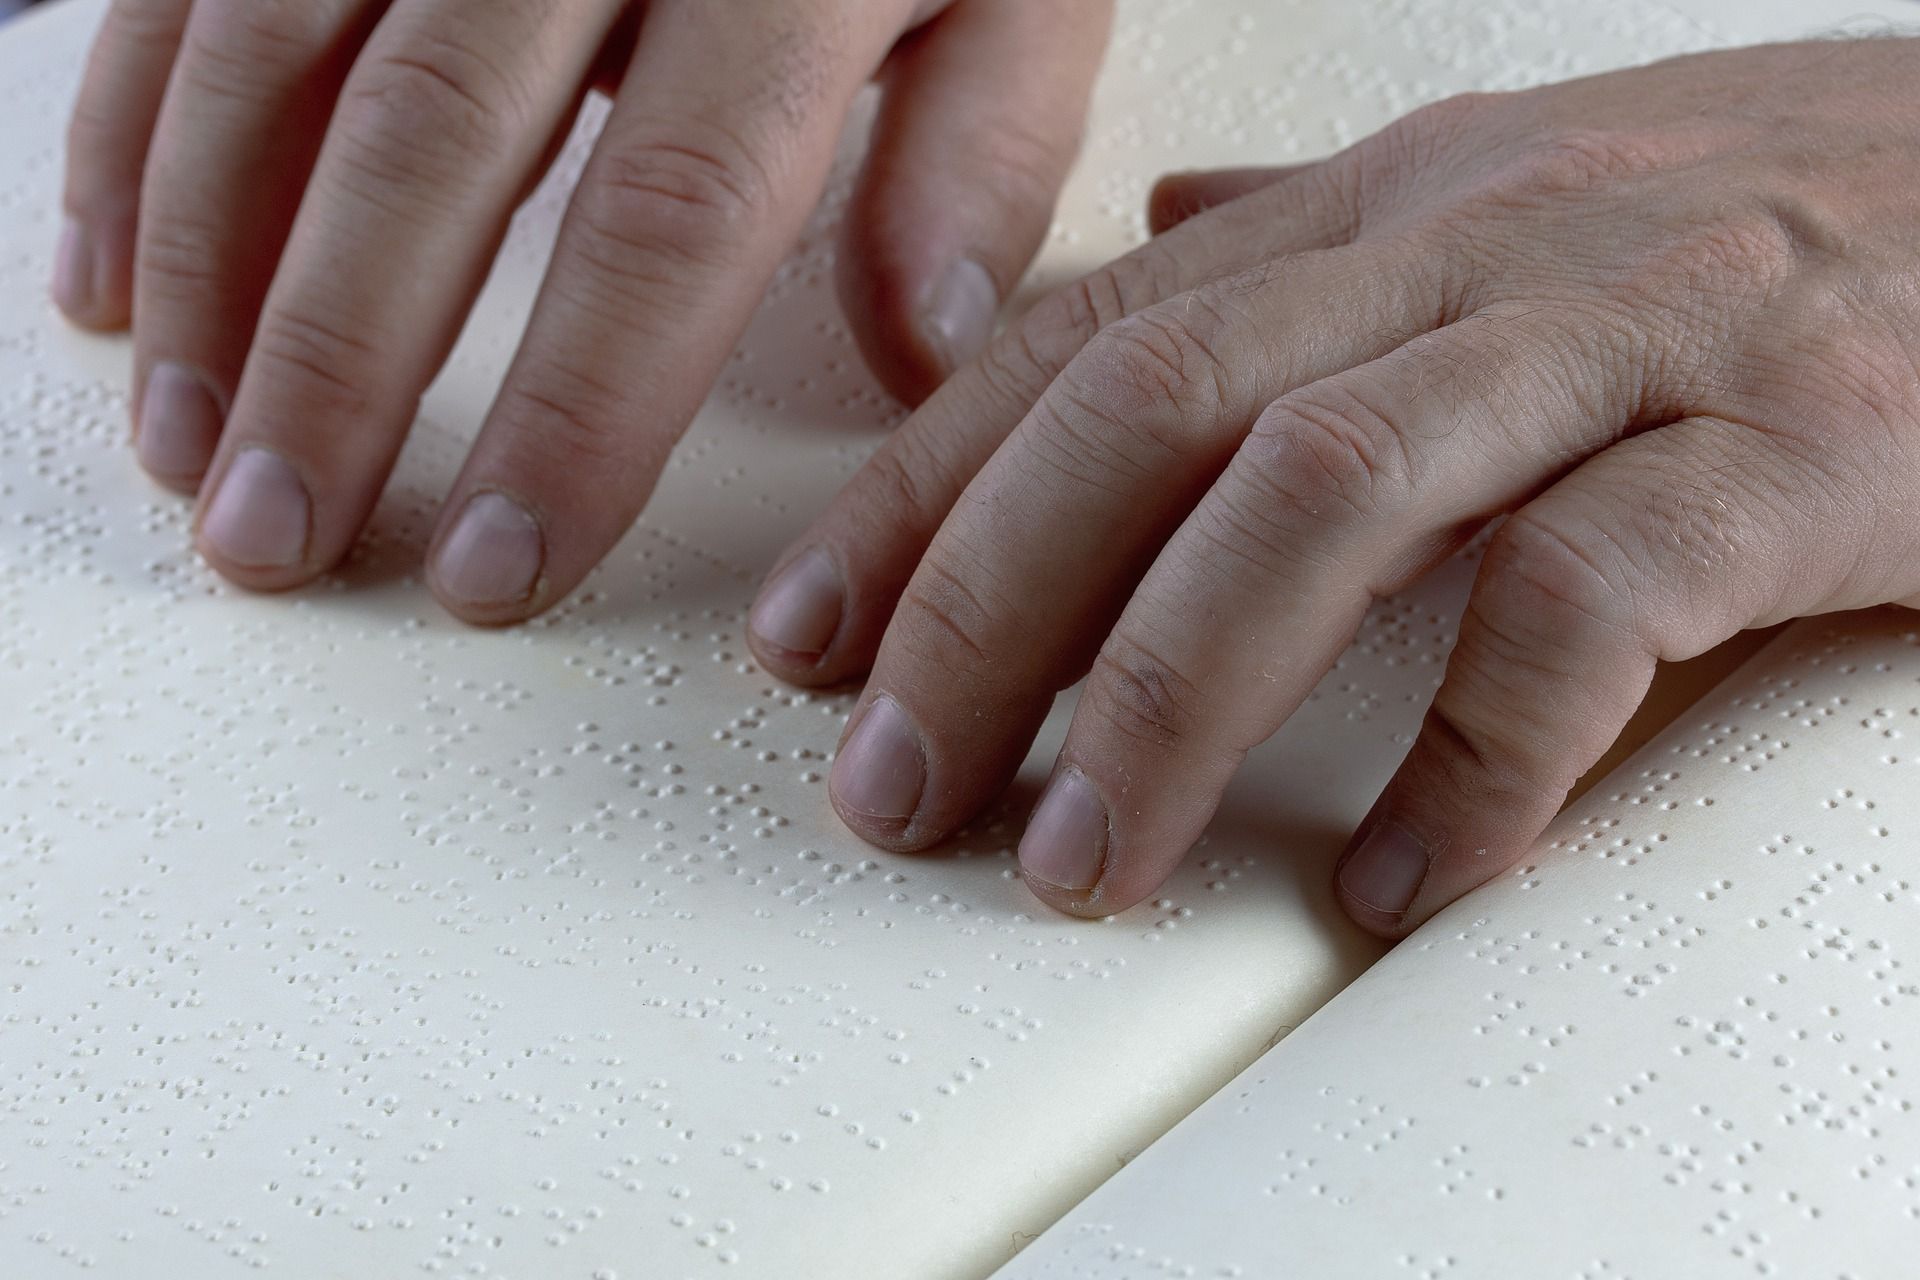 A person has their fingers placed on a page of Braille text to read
------------------------------------------------------------
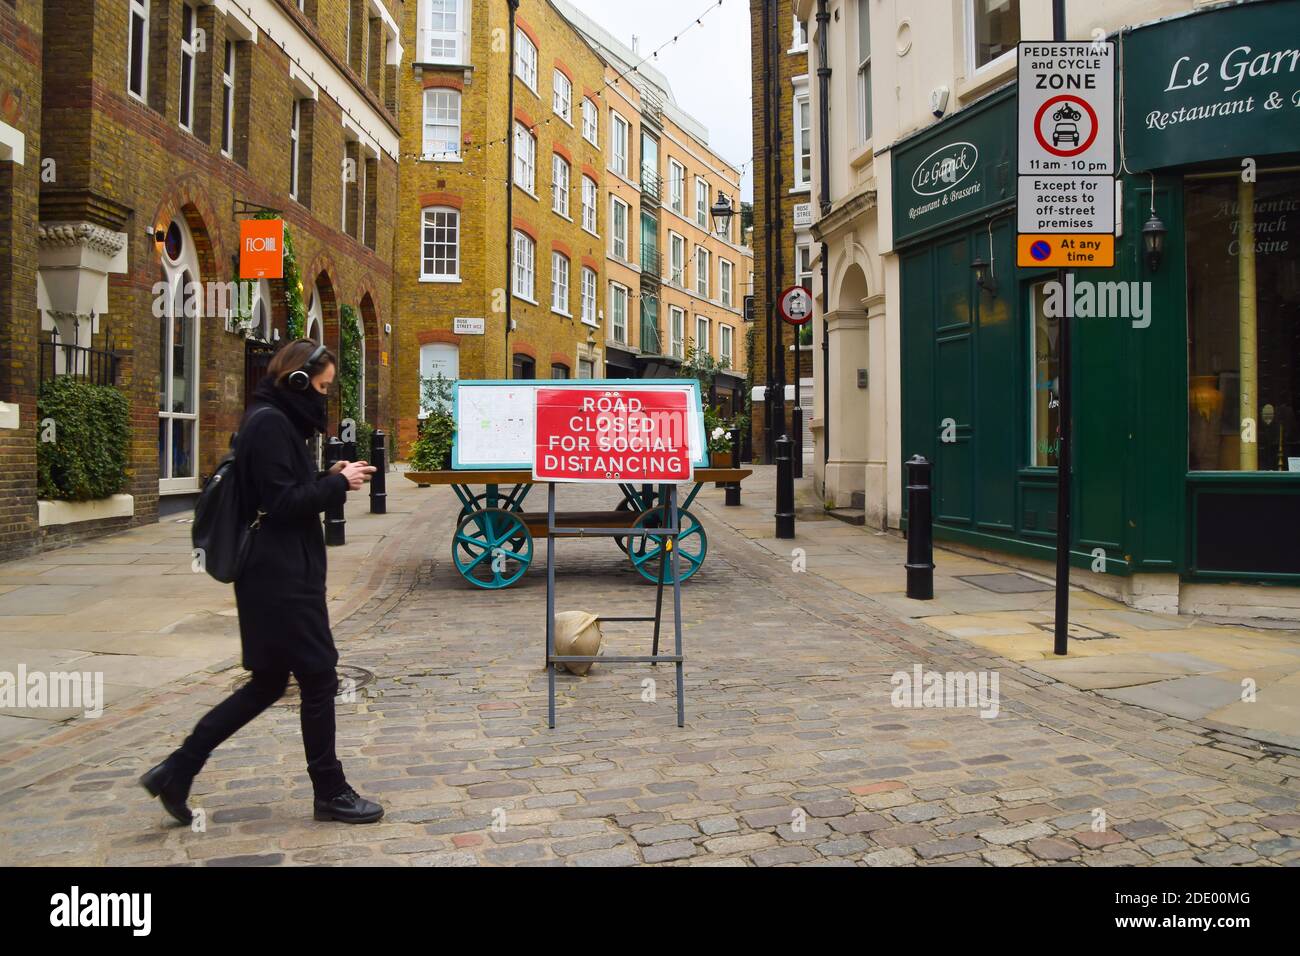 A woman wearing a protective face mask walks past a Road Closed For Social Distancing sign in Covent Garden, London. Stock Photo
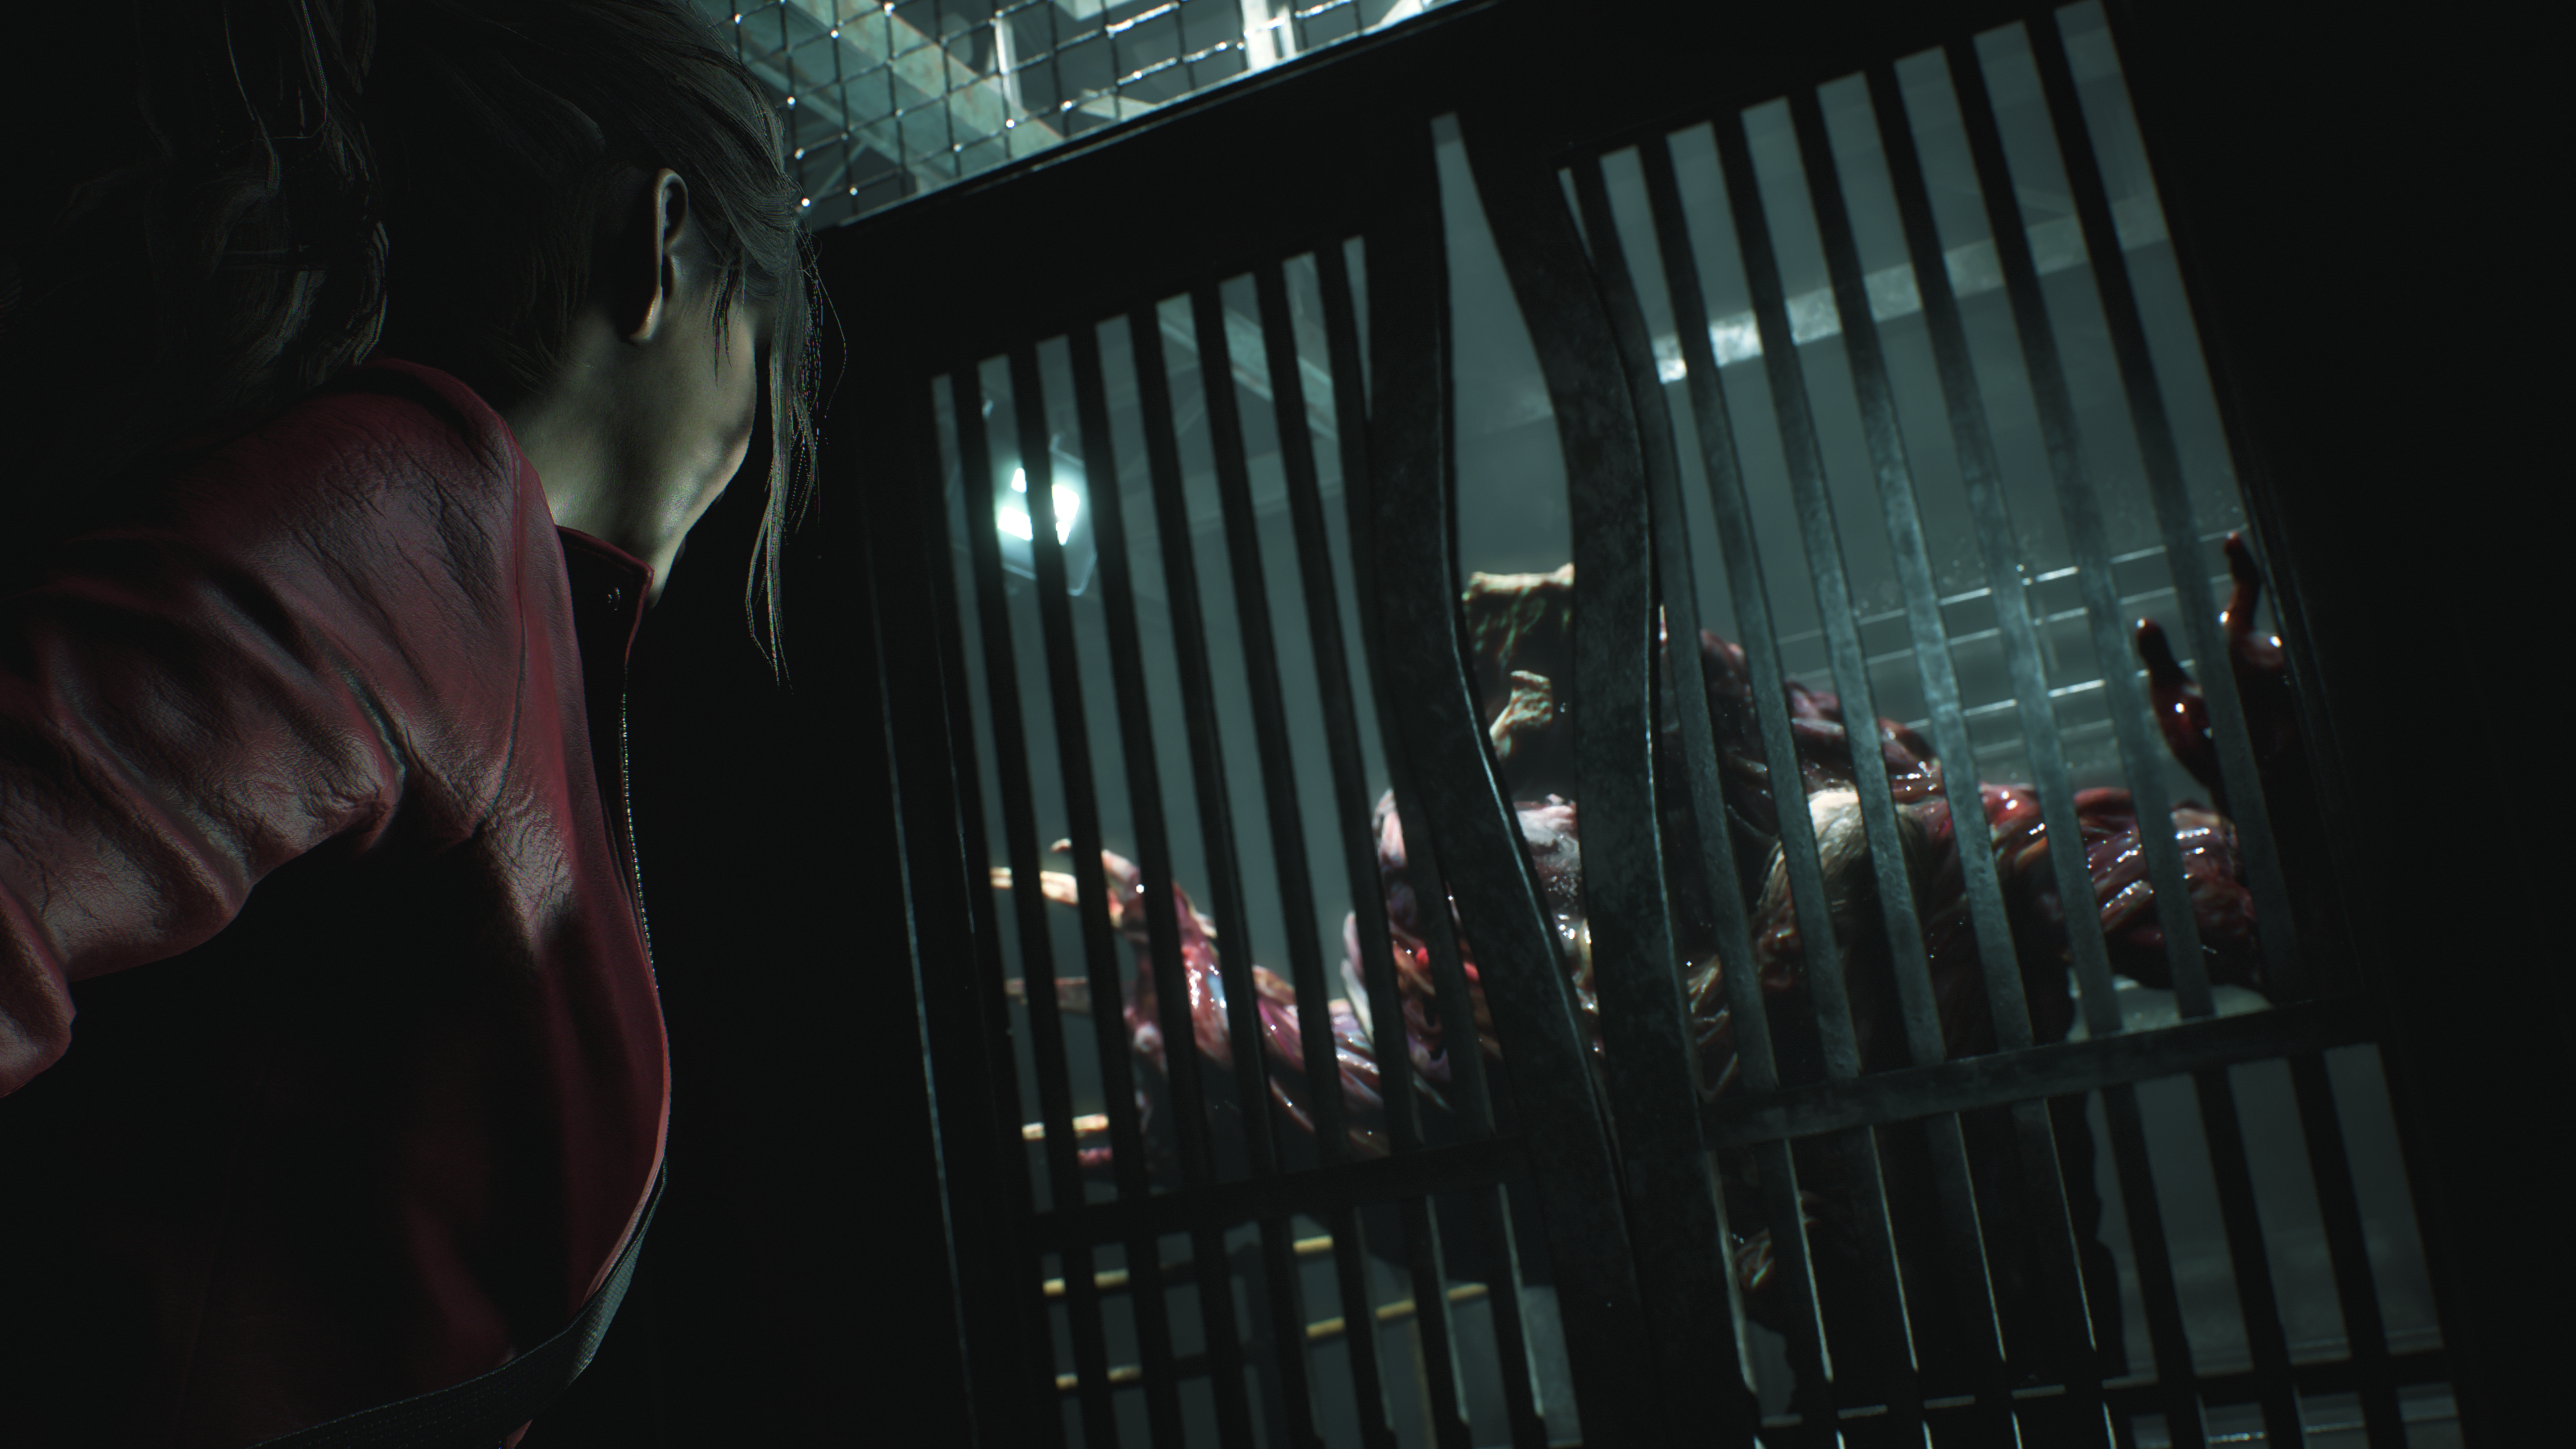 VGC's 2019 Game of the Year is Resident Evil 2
------------------------------------------------------------
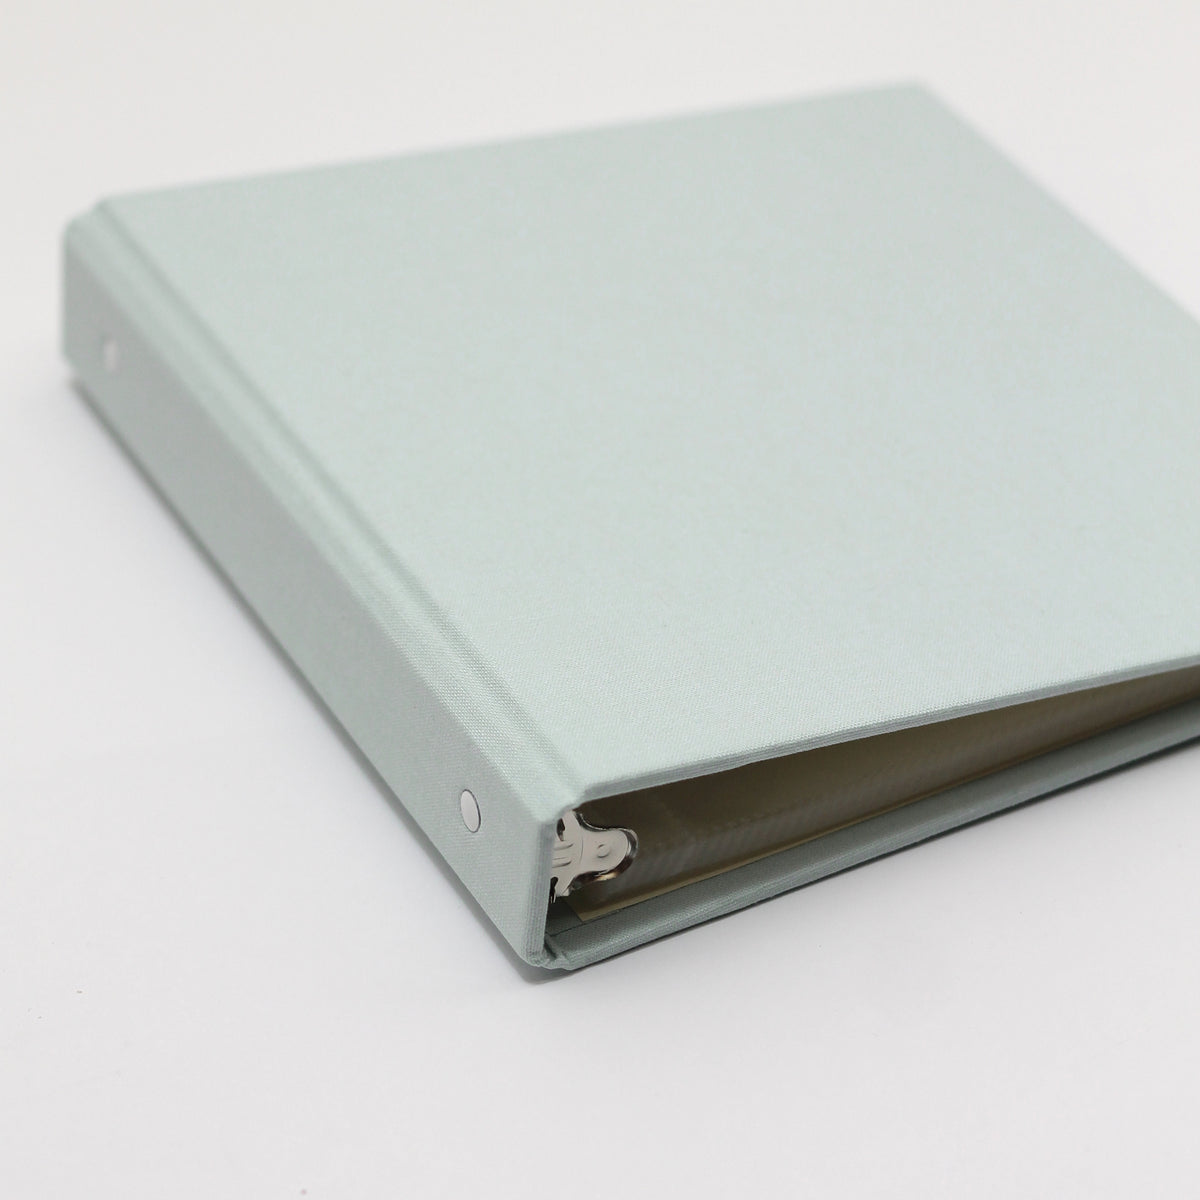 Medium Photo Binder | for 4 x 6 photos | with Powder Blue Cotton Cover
------------------------------------------------------------
Exercise aim
Transcribe, from the material above, the stretch starting at the line with "A woman wearing" and ending at the line with "VGC's 2019 Game", both included, exactly. Do not carry over pictures.

Exercise answer
 A woman wearing a protective face mask walks past a Road Closed For Social Distancing sign in Covent Garden, London. Stock Photo
 VGC's 2019 Game of the Year is Resident Evil 2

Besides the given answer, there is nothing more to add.